La croissance verte1 est souvent appelée à la rescousse face à la perte de l’emploi industriel qu’a connu la France dans les dernières années. Inversement les contraintes environnementales sont souvent accusées de détruire de l’emploi.

C’est donc avec beaucoup d’intérêt que j’ai pris connaissance de l’analyse des causes de cette destruction d’emplois dans les 40 dernières années, faite par la DGTPE (la direction du Trésor qui s’occupe de politique publique) et signée Lila Demmou2. Signalons d’entrée que ces études sont très difficiles et que leurs résultats sont à interpréter avec précaution. Mais il me semble que nous avons là quelques ordres de grandeur et tendances significatifs.

L’emploi industriel est passé de 5,3 millions d’emplois en 1980 à 3,4 millions en 2007.

Voici l’origine de cette « perte » de 2 millions d’emplois, selon cette étude :

  • 25% de ces pertes d’emplois n’en sont pas : il s’agit d’un problème de nomenclature, liée à l’externalisation de services3 (l’interim, le nettoyage, le gardiennage, …)
  • 30% seraient dus aux gains de productivité, tant par l’effet direct de la productivité sur l’emploi que par l’effet de modification de la consommation des ménages qui devenant plus riches achètent plus de services
  • 45% seraient dus à un transfert des emplois (pour 17% chez les émergents et 28% vers les pays développés)

 

45% de 2 millions c’est 60 % d’1,5 million si on corrige de l’artefact statistique des 25 % d’emplois qui sont passé d’industrie à service pour une simple question de nomenclature. Au total ce sont donc en fait 60 % des vraies pertes d’emplois industriels qui sont dues à des délocalisations (et pas uniquement, loin de là, vers la Chine).

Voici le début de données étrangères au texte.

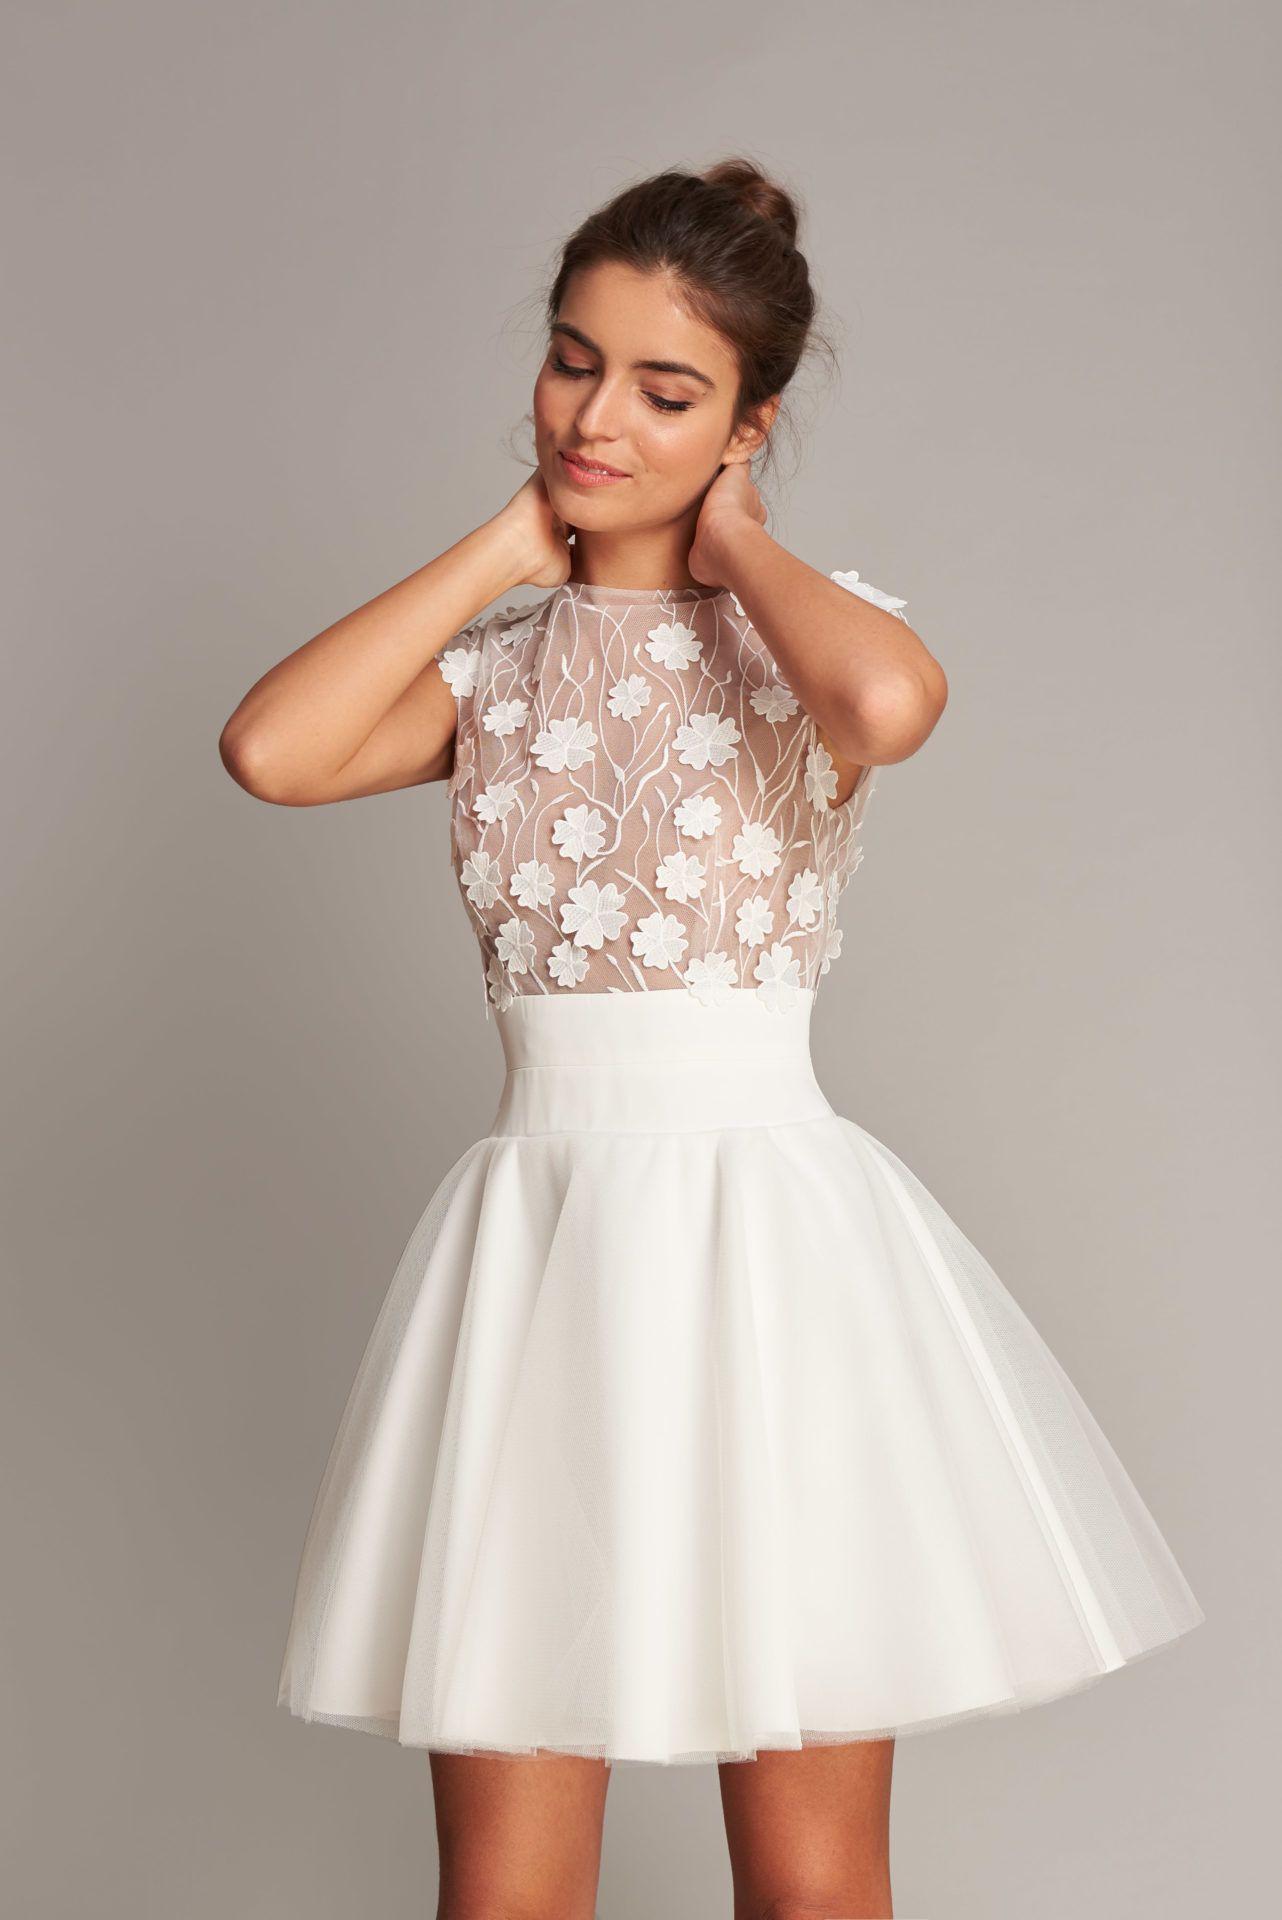 Spitze Brautkleid Fabienne Alagama In 2020 | Hochzeitskleid

Retenons donc que la destruction de l’emploi industriel dans les 40 dernières années en France, est due à deux facteurs principaux : les gains de productivité (et le déplacement de la demande qui s’en suit), et la concurrence internationale. En termes simples, ce n’est ni la machine la coupable ni la mondialisation, mais les deux.

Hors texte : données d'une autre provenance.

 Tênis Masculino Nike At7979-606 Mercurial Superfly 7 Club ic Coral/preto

La croissance verte peut être un gisement d’emplois significatif :

  • en déformant la demande vers des produits à plus haute valeur ajoutée4,
  • en réduisant les gains de productivité, du fait d’un moindre usage de l’énergie (l’agriculture durable en particulier sera moins intensive en énergie et plus riche en emplois)

Mais à l’évidence la clef du succès va se trouver dans la maîtrise de la compétitivité. La croissance verte risque d’en désillusionner plus d’un si elle s’organise dans le même cadre que celui qui nous fait perdre des emplois aujourd’hui : une mise en concurrence déraisonnable avec des pays qui ont plus d’atouts que nous sur presque tous les fronts. Ce n’est pas la contrainte écologique qui demande en tant telle de recréer un cadre de relations internationales qui ne soit pas basé sur la seule compétition économique, mais un problème beaucoup plus global d’équilibre économique entre nations et entre régions du monde.

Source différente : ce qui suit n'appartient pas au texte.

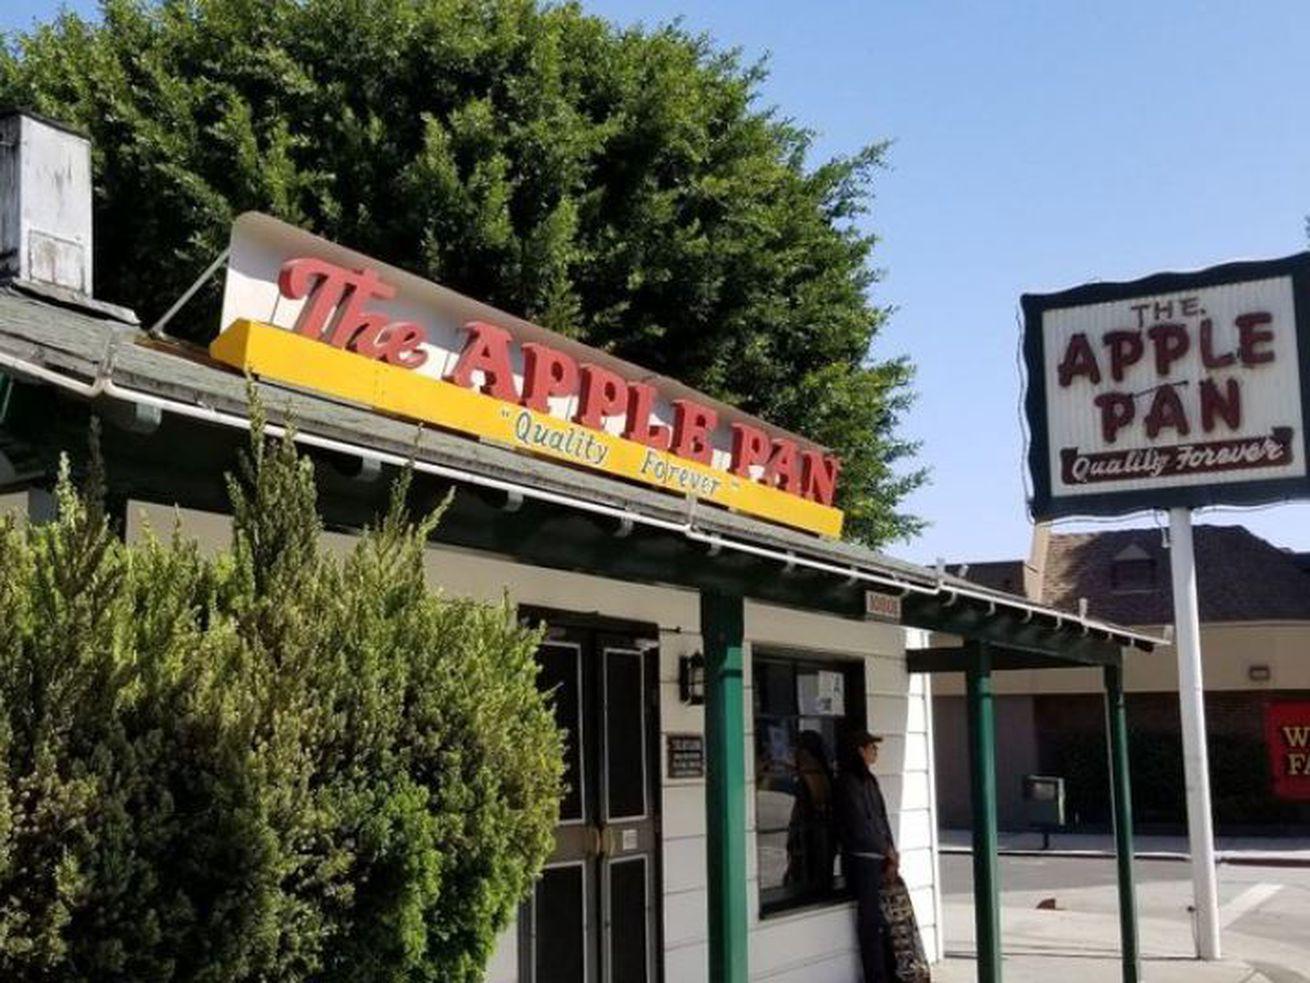 Outside The Apple Pan, West LA

Bref, qu’on le prenne par le bout de la finance celui de l’emploi ou de celui de l’écologie , il me semble clair que le modèle néolibéral, prêcheur d’une ouverture tous azimuts des frontières, a vécu.

Alain Grandjean, économiste, http://alaingrandjean.fr

 

1 Le terme est devenu incontournable même si son sens fait débat. Je le prends ici dans le sens général de « modèle économique intégrant la contrainte des ressources et de l’environnement ».    
3 Ce problème de nomenclature semble ne plus jouer à partir de 2000. Les entreprises industrielles ont achevé leur processus d’externalisation.   
4 On peut penser que des produits et services « verts » demandent du travail et de l’innovation.